Das Alte passt nur eben jetzt nicht mehr, und deswegen wollen wir ja auch den Neuanfang.

Und es fällt uns in der Regel leichter, das Alte loszulassen, wenn wir es würdigen. Für das, was es einmal bedeutet  hat. Für das, was es uns gegeben hat. Und für die guten Zeiten, die es bestimmt gab.

Diese Gefühle, Erfahrungen und Erinnerungen dürfen wir übrigens behalten. Wir dürfen sie mitnehmen in die neue Zukunft. Wir müssen sie nicht aus unserem Herzen herausreißen.

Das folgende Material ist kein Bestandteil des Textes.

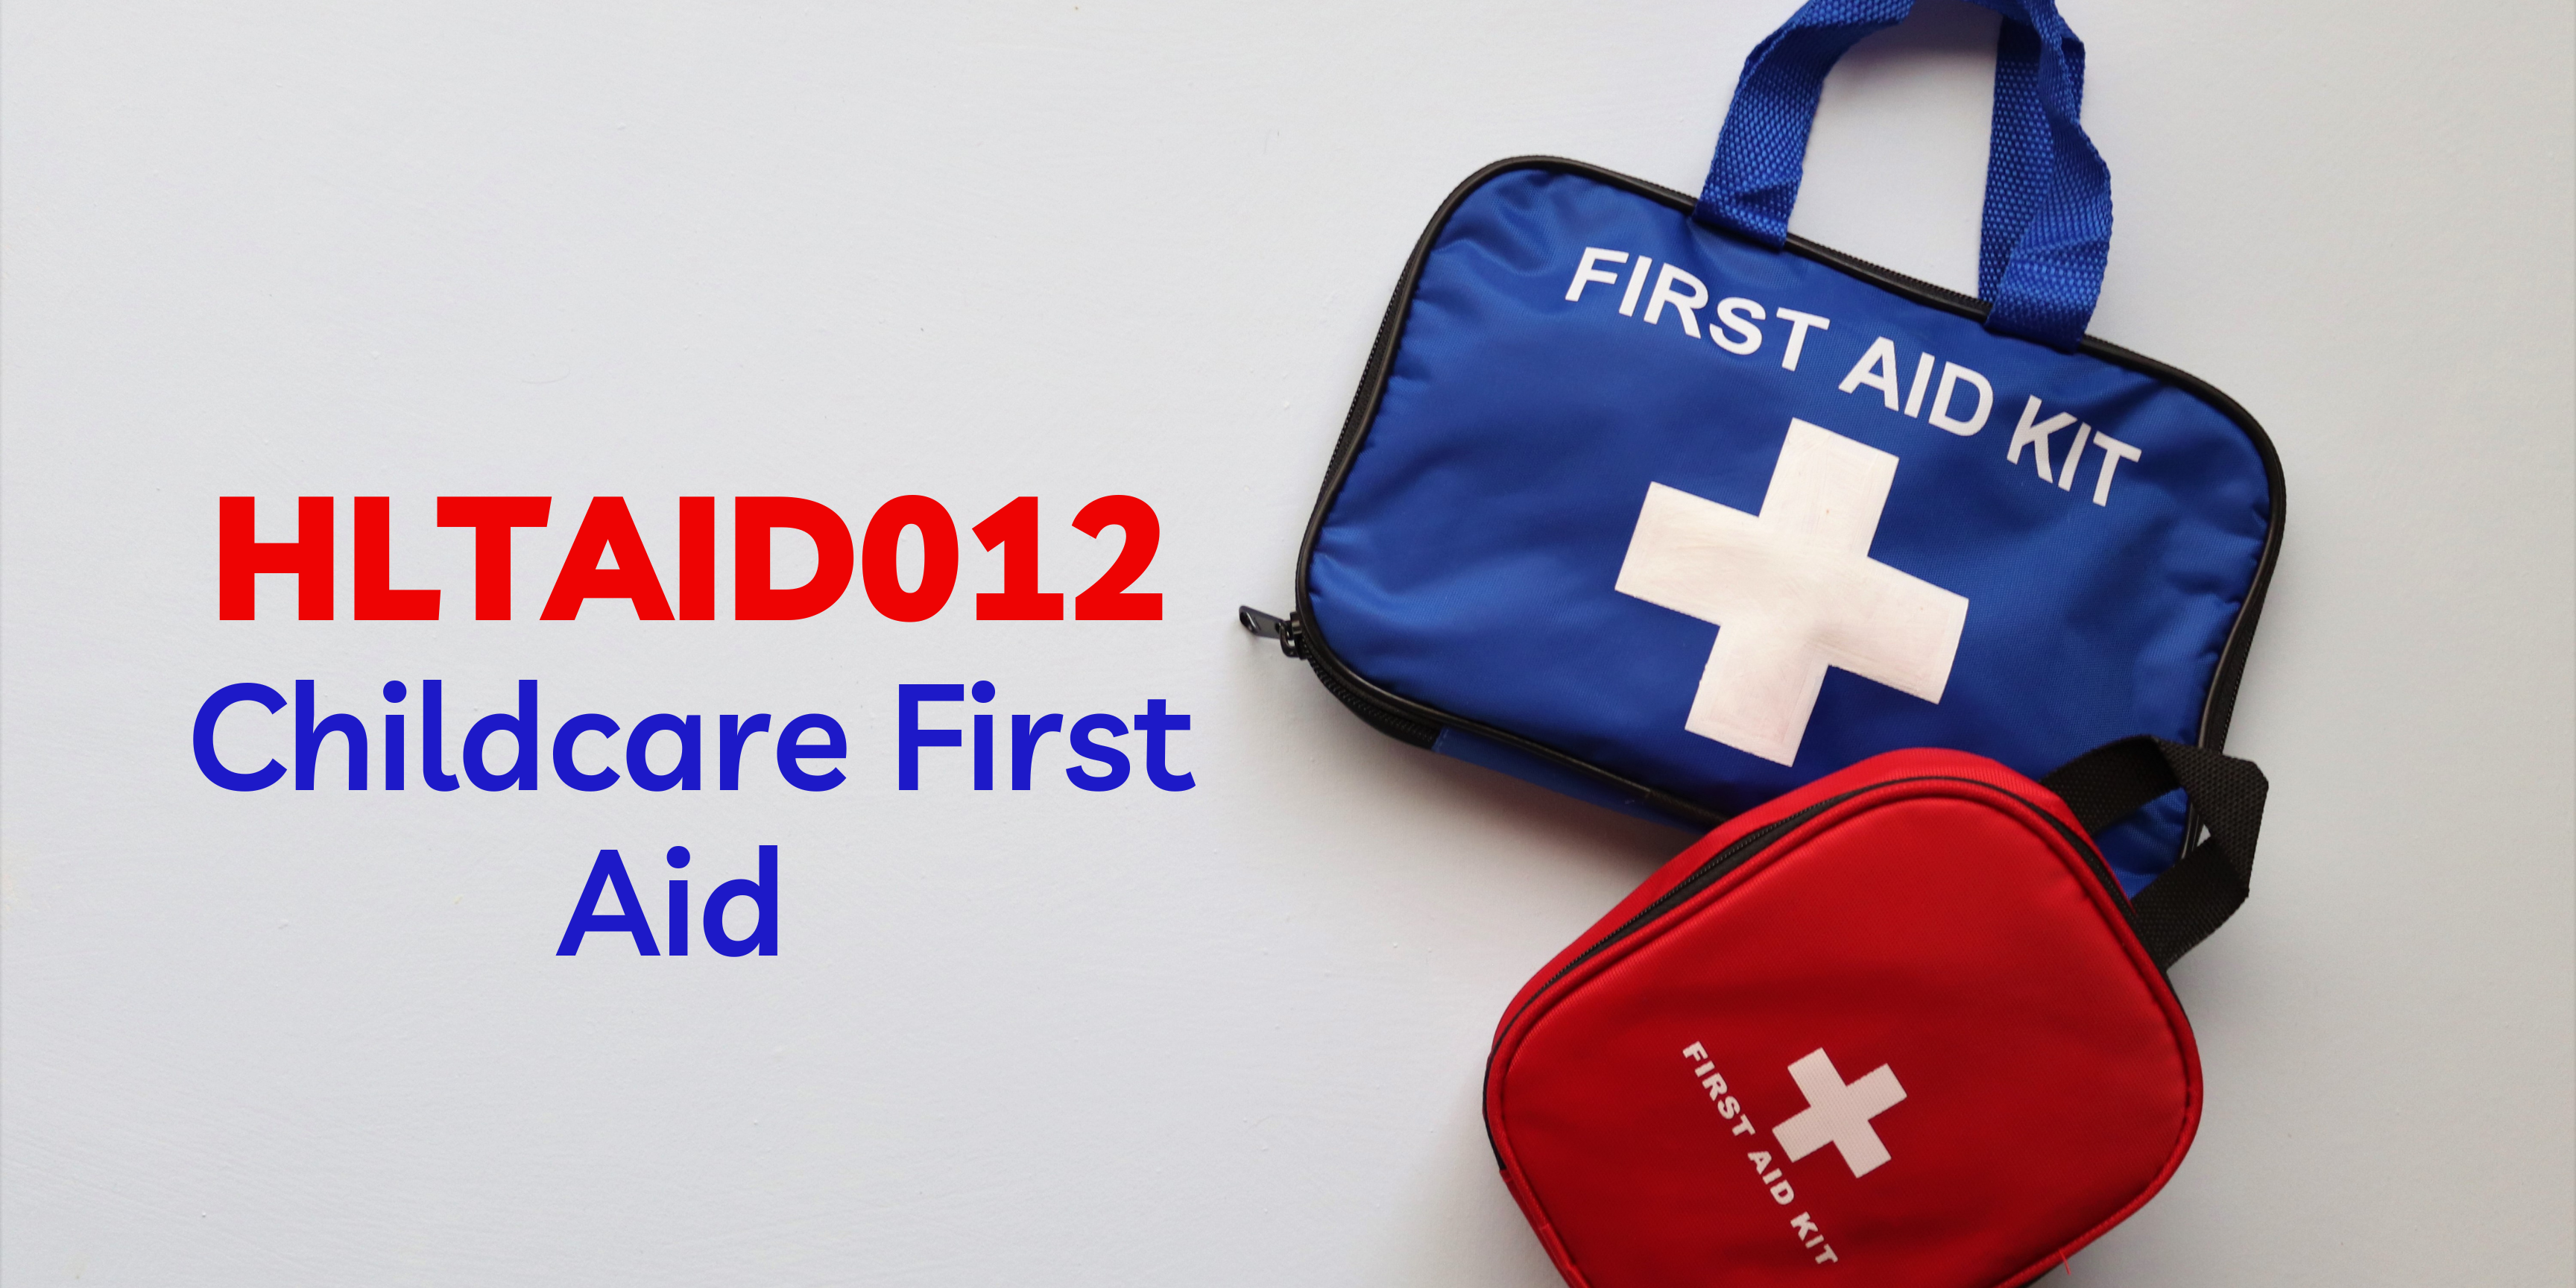 HLTAID012 - Childcare First Aid
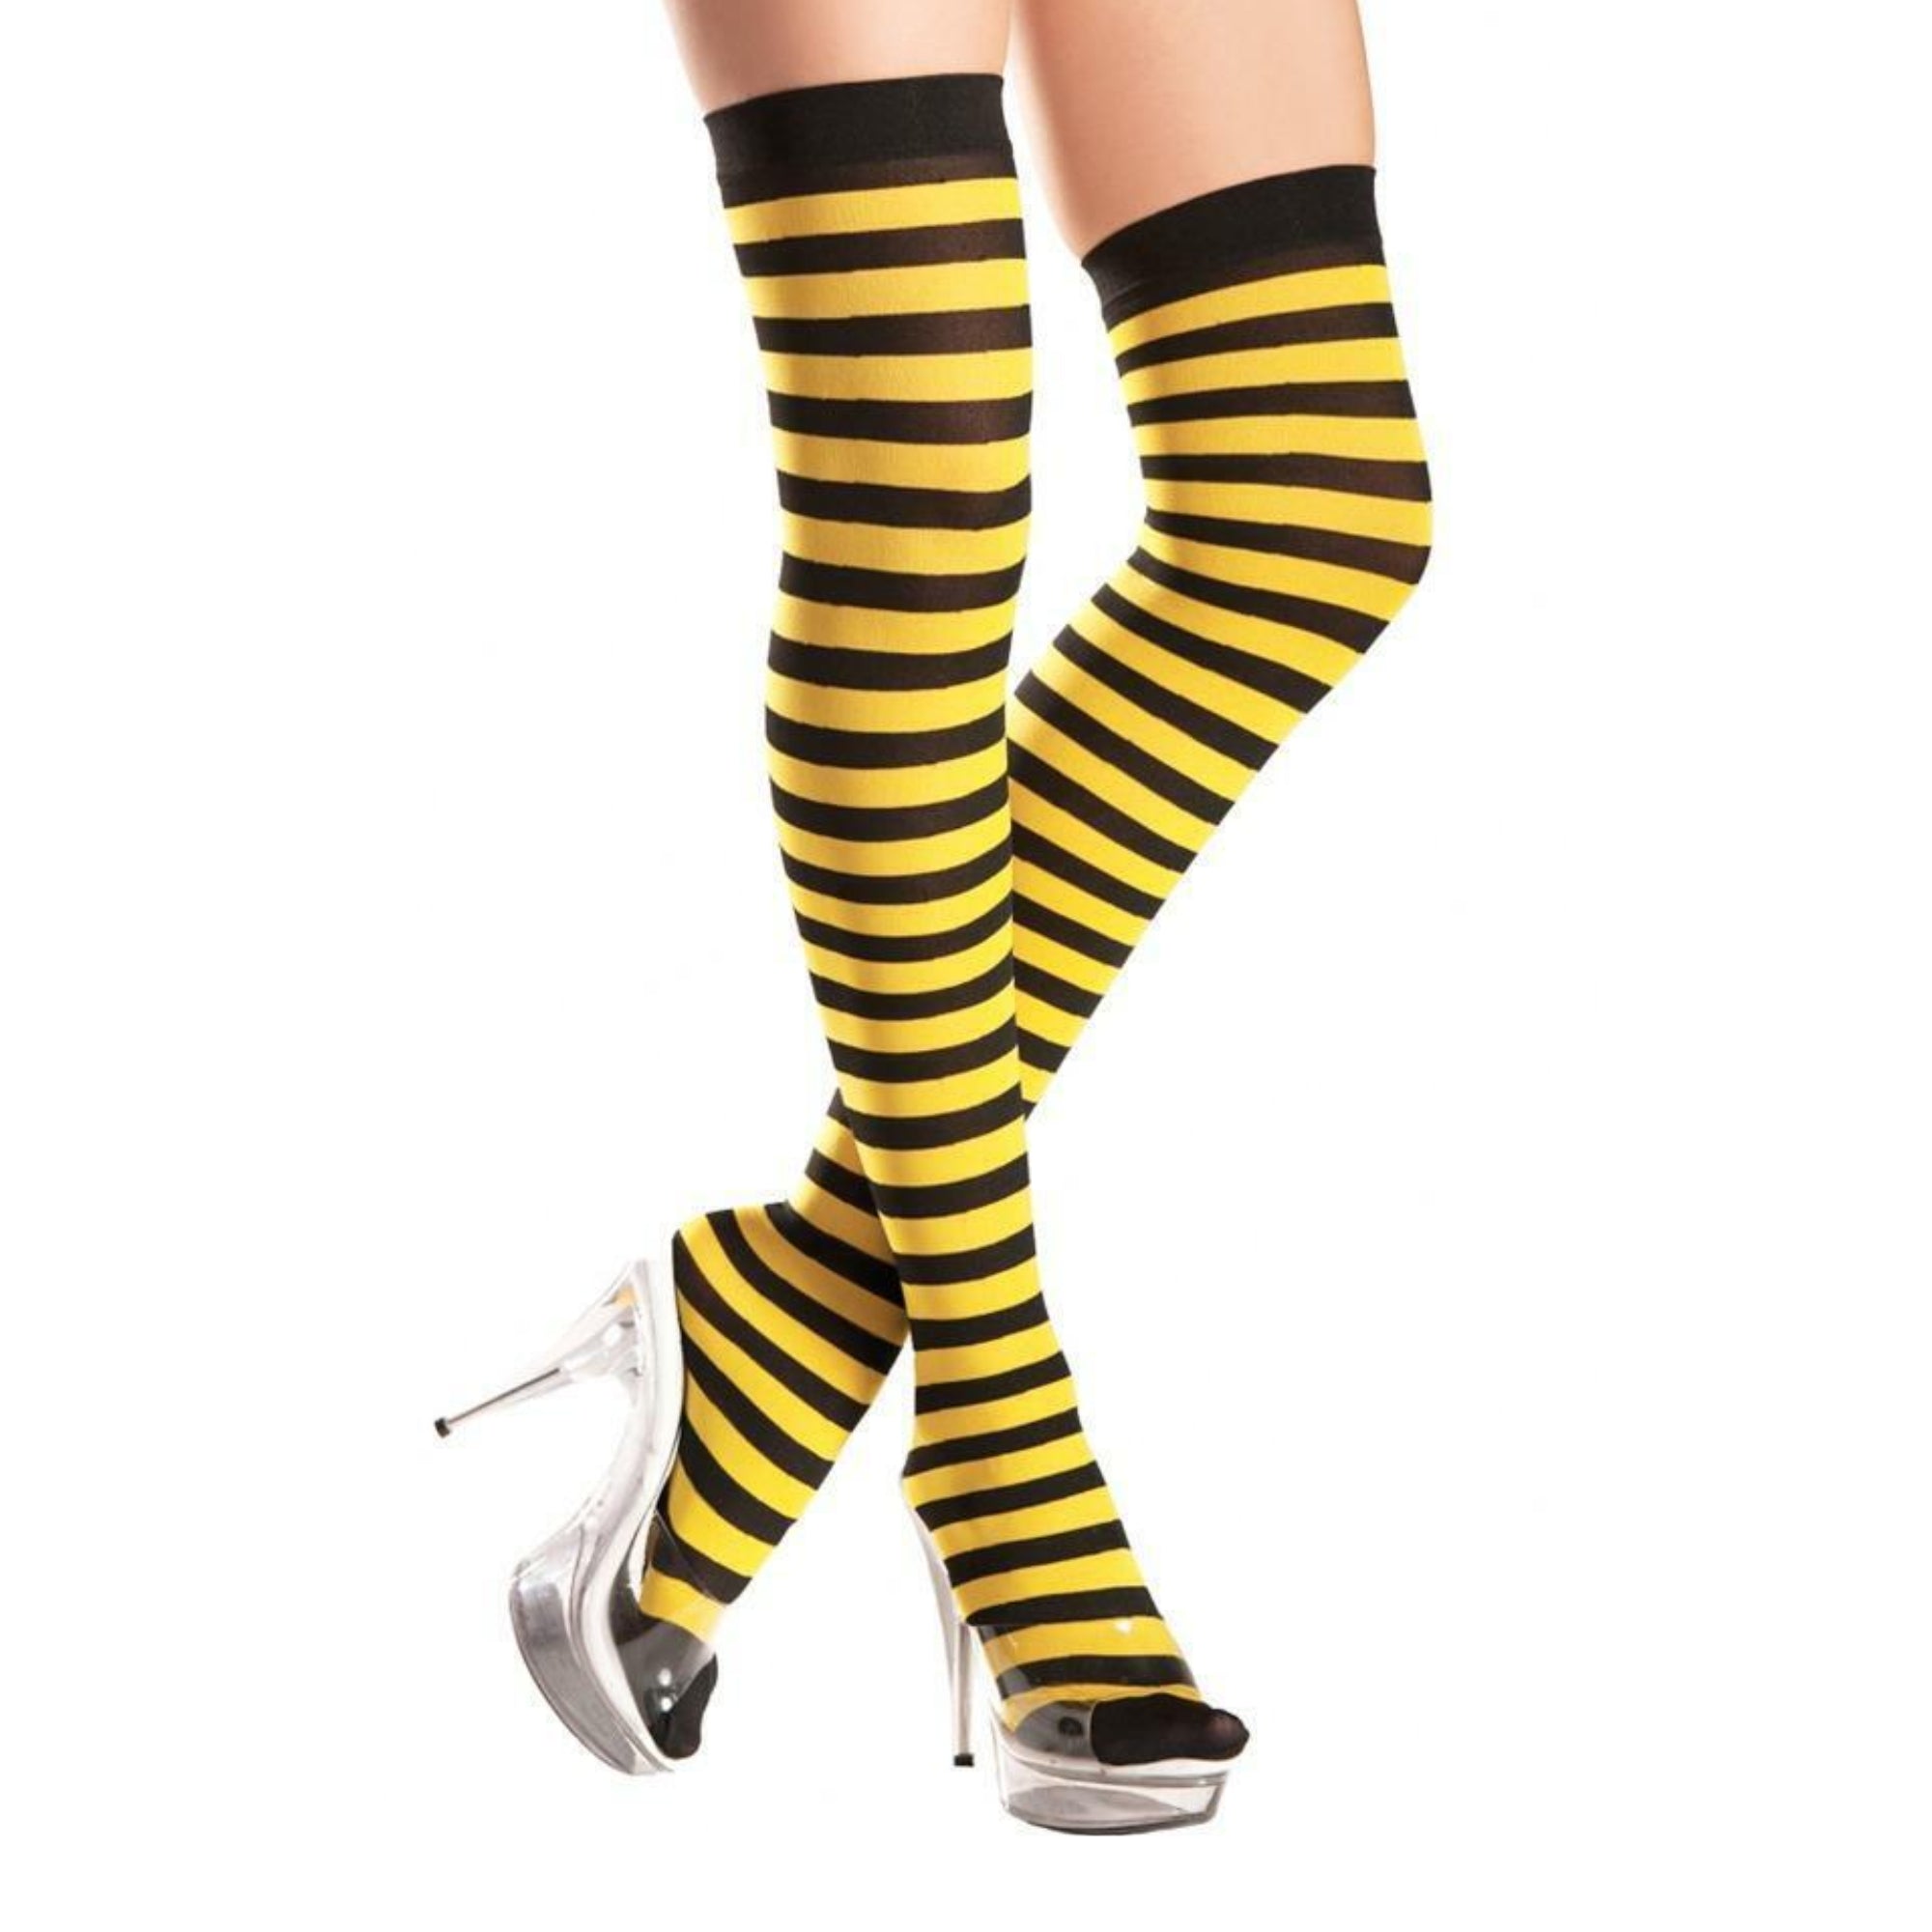 Thin Striped Patterned Socks (Thigh High) from the Sock Panda Yellow

So ist das mit dem Neuanfang nicht gemeint.

Wir dürfen genau das vom Alten mitnehmen, was uns gut getan hat.

Ich wette, jetzt fällt es schon leichter, wieder den Blick auf das Neue zu richten.

Und damit es noch leichter wird, habe ich ein paar Klopfvorschläge für Sie:

Auch wenn es mir so schwer fällt, das Alte loszulassen, dabei will ich doch den Neuanfang, bin ich trotzdem okay so wie ich bin, und ich erlaube mir jetzt, das Schöne und Gute vom Alten einfach mitzunehmen.

Auch wenn es so schwer ist, das Alte hinter mir zu lassen und unbeschwert in den Neuanfang zu gehen, bin ich total okay so wie ich bin, und ich erlaube mir jetzt, das schlechte Alte hinter mir zu lassen, und das gute Alte zu würdigen und mitzunehmen.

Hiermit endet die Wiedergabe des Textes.